Submitted by Teacher Man on December 22, 2011

The more that I progress as a classroom teacher, the better I am at making new and important levels of observation about my students.  Having to spend less time focused on new teacher issues like pacing of lessons and classroom management, I am able to spend more time getting to know my students as individuals. One of the most common observations I have made about my 7th and 8th graders this year is that many of them experience a bad combination of overwhelming emotions with few healthy options to access or express their feelings.

It seems as though my students experience waves of new and powerful emotions everyday. A very important part of being twelve or thirteen is experiencing the many different life changes that begin to occur at this age. An equally important part of the middle  years is learning how to access and express these feelings and changes in a healthy and productive way.

For many of my students, the normal adolescent emotions they experience are magnified by factors that are out of their control.
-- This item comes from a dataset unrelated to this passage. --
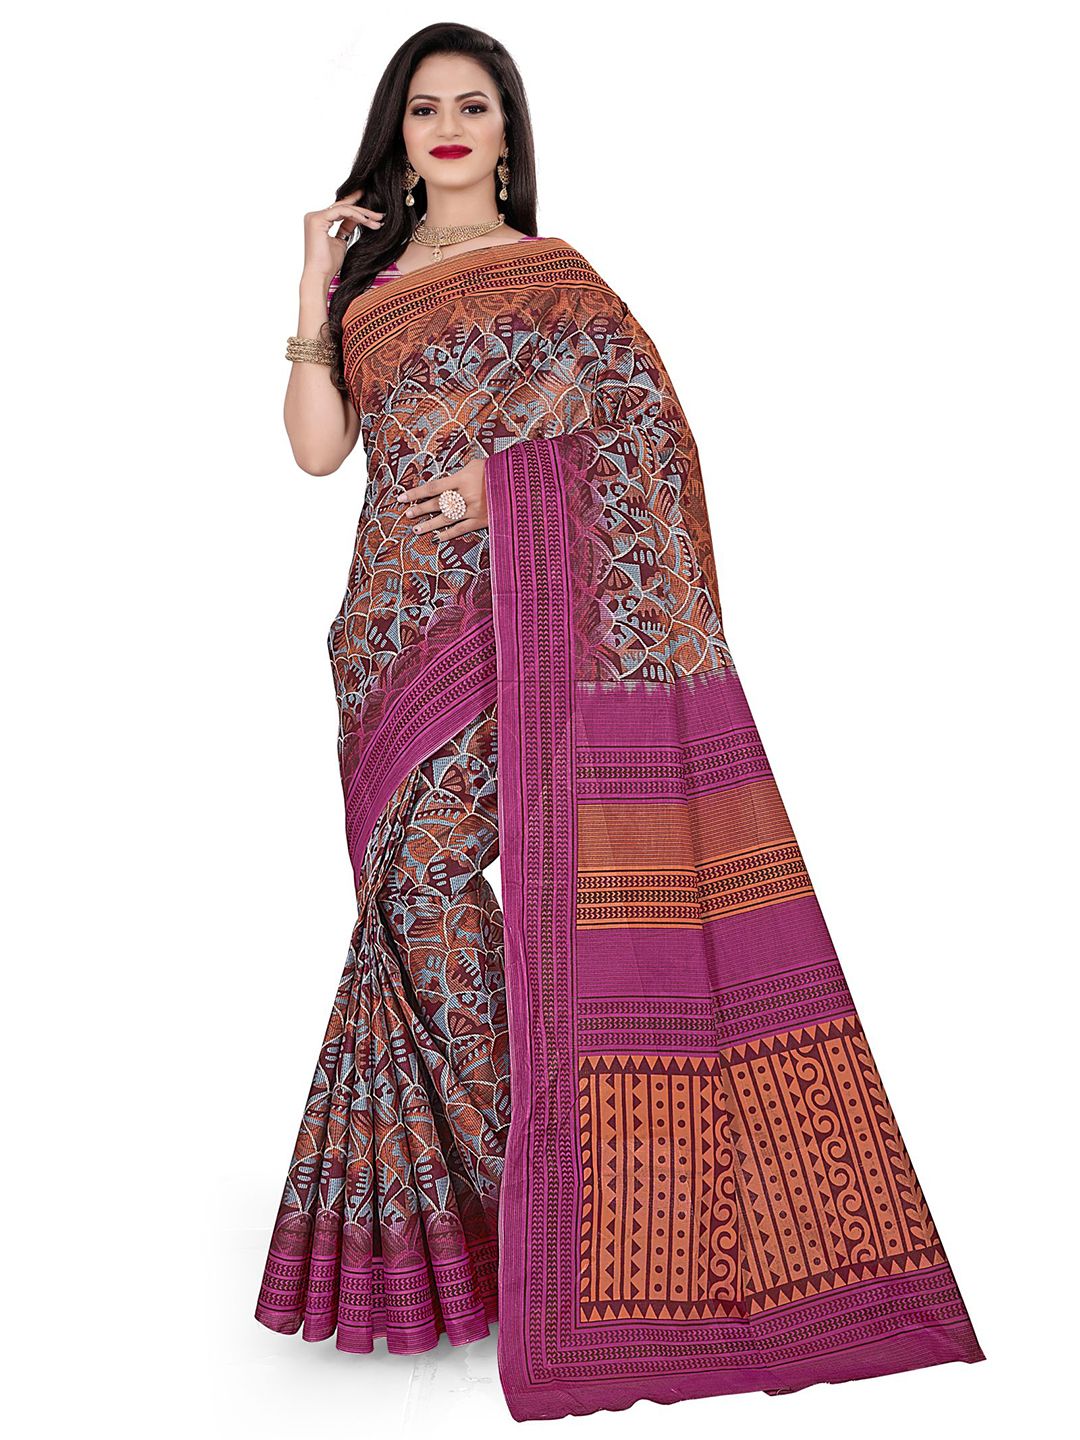 SHANVIKA Violet & Brown Pure Cotton Block Print Saree Price in India

Issues related to poverty such as hunger, unsafe neighborhoods, poor housing, and lack of or poor access to health care create an entirely different and more difficult set of emotions in my students.

The second and perhaps more important part of being a young teenager is learning how to positively process and express as many of these feelings as possible. Seeing as how the majority of a middle school student’s life is spent in school, it would make sense that school becomes a place to help young teenage students channel their feelings and emotions. However, this is not the case for my middle school students.

School should be a safe and welcoming place where all students can feel comfortable accessing and expressing their feelings. It is essential, especially for adolescent age students to have a wide variety of activities such as music, play writing, art, gaming, sport, etc… to help them to express their feelings. Schools should be filled with caring adults ready to listen and help students examine and filter their emotions. School should be a place where students learn to listen to and help each other with their issues.

In far too many schools, mine included, the above is no longer the reality. Instead of providing rich instructional environments that foster and help develop the emotional experiences of students, we have substituted a “no excuses”, “test success at all costs” mentality.  Scripted programs, the elimination of the arts and physical fitness, rigid curriculums, and authoritarian control techniques have eliminated the crucial opportunities for students to access let alone express the wide variety of emotions they are feeling.

It cannot be overstated that an essential part of school is social and emotional development. By taking away or severely limiting young teenager’s abilities to channel and filter their emotions, we are alienating these students. We are not providing them with the tools they need to be successful as an adult. It is crucial that we as educators, parents, administrators, and students find a way to reverse the direction our schools are moving. What good is a high test score to a student who has little idea how to access or express their emotions in a healthy way? The focus on vice grip control, mind numbing test prep is causing serious and lasting damage to our students and is not preparing them to live a full and productive life.